Wednesday, November 14, 2007

Tata: Part 5

Tata's Part 5

HERE

"Denis Johnson--Though I have read Resuscitation of a Hanged Man, it is his story collection, Jesus' Son, that strikes me as the one work by any writer mentioned in this essay that perhaps best represents how artificial my attempted categorizations of writers are. A slender collection of weakly connected stories about a junkie, the narratives seem straightforward enough in the mode of what a friend of mine calls "feckless guy stories"--and that I would add are a genre over-represented in writing workshops--which can be nothing but realist, yet Johnson uses time in sophisticated ways to represent a junkie's tangled consciousness while calling such little attention to his methods that they are all but invisible to the reader unconcerned with formal matters. Roth is the only other American writer whose work I am familiar with who is capable of being formalist while appearing to be realist, only Roth does it in book after book."


I could never have imagined Tree of Smoke emerging from Jesus' Son... and yet it's a continuum. Demands a re-reading of the earlier stories.

On the one hand, a 19th C. novel. An American Tolstoy. So many characters you have to take notes. Plots and subplots and subplots. But a metaphysical novel in the mode of Cormac McCarthy, a Gnostic fallen world, where no one can quite remember what the pre-fallen state was really about.

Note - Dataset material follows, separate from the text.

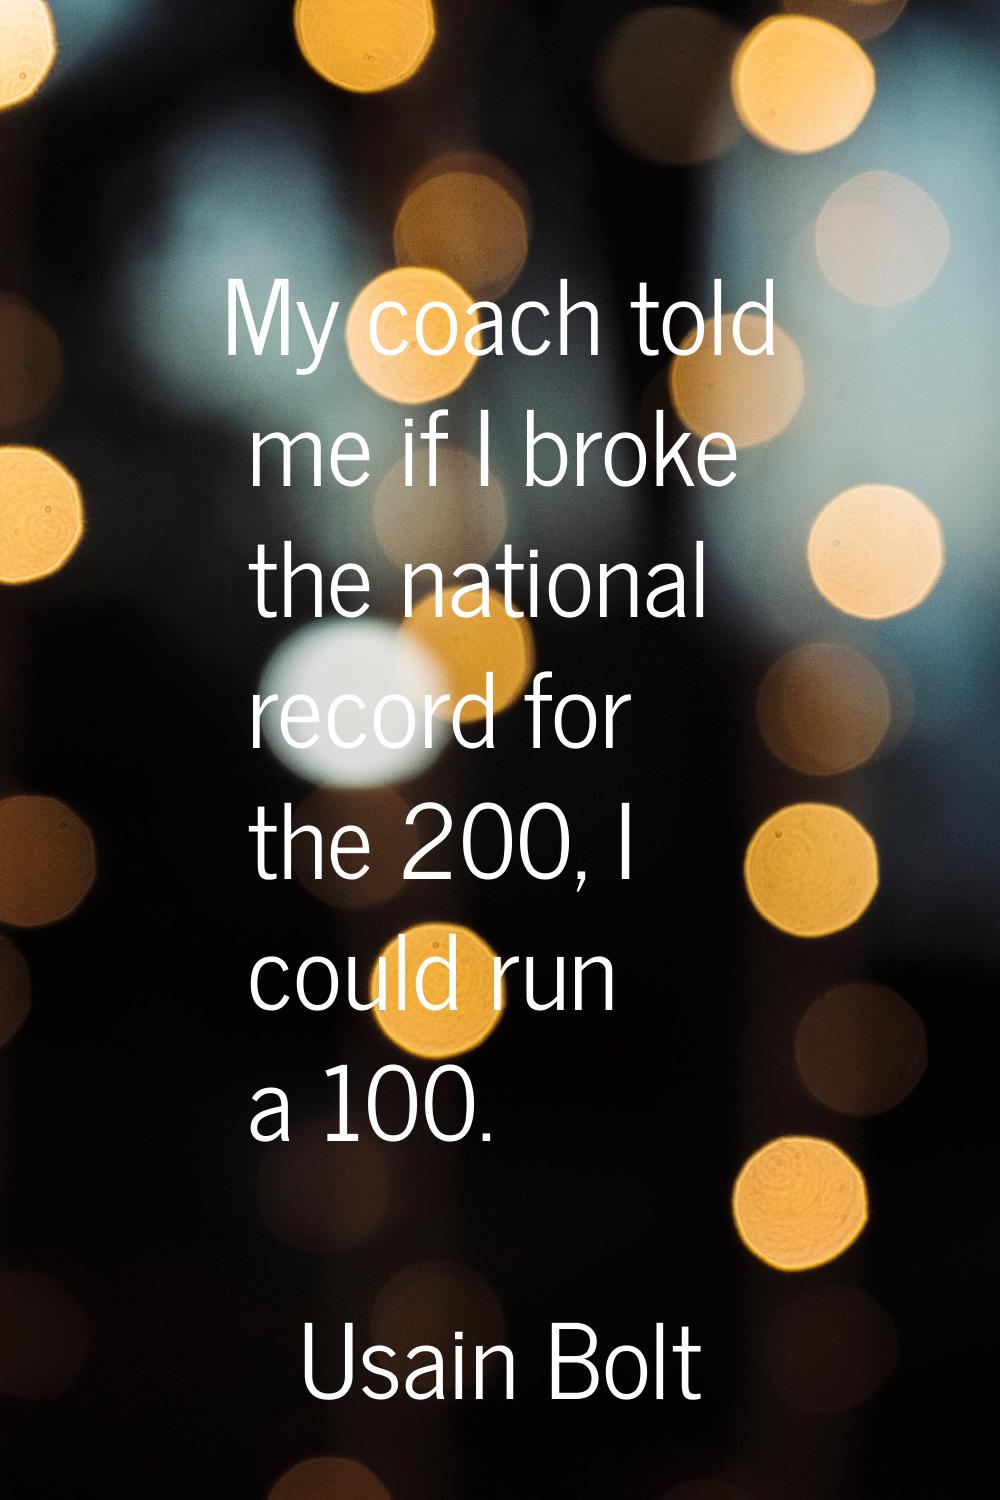 My coach told me if I broke the national record for the 200, I could run a 100.

Molly Bloom's closing monolog , her yes I said yes--Bernonoes' Everything is Grace, Eliot's infolding of the Rose and the Fire...uttered in pure irony in some circle of hell Dante never dreamed of. War scenes as realist as Naked and the Dead, recited from the Drunken Boat.

The banality of the Good...

Your association with Roth is right on target! Something of what I was was getting at with Powers and Hazzard.

An elusive catagory, slippery as it is... don't let go of it!

It's everything that really matters in contemporary fiction.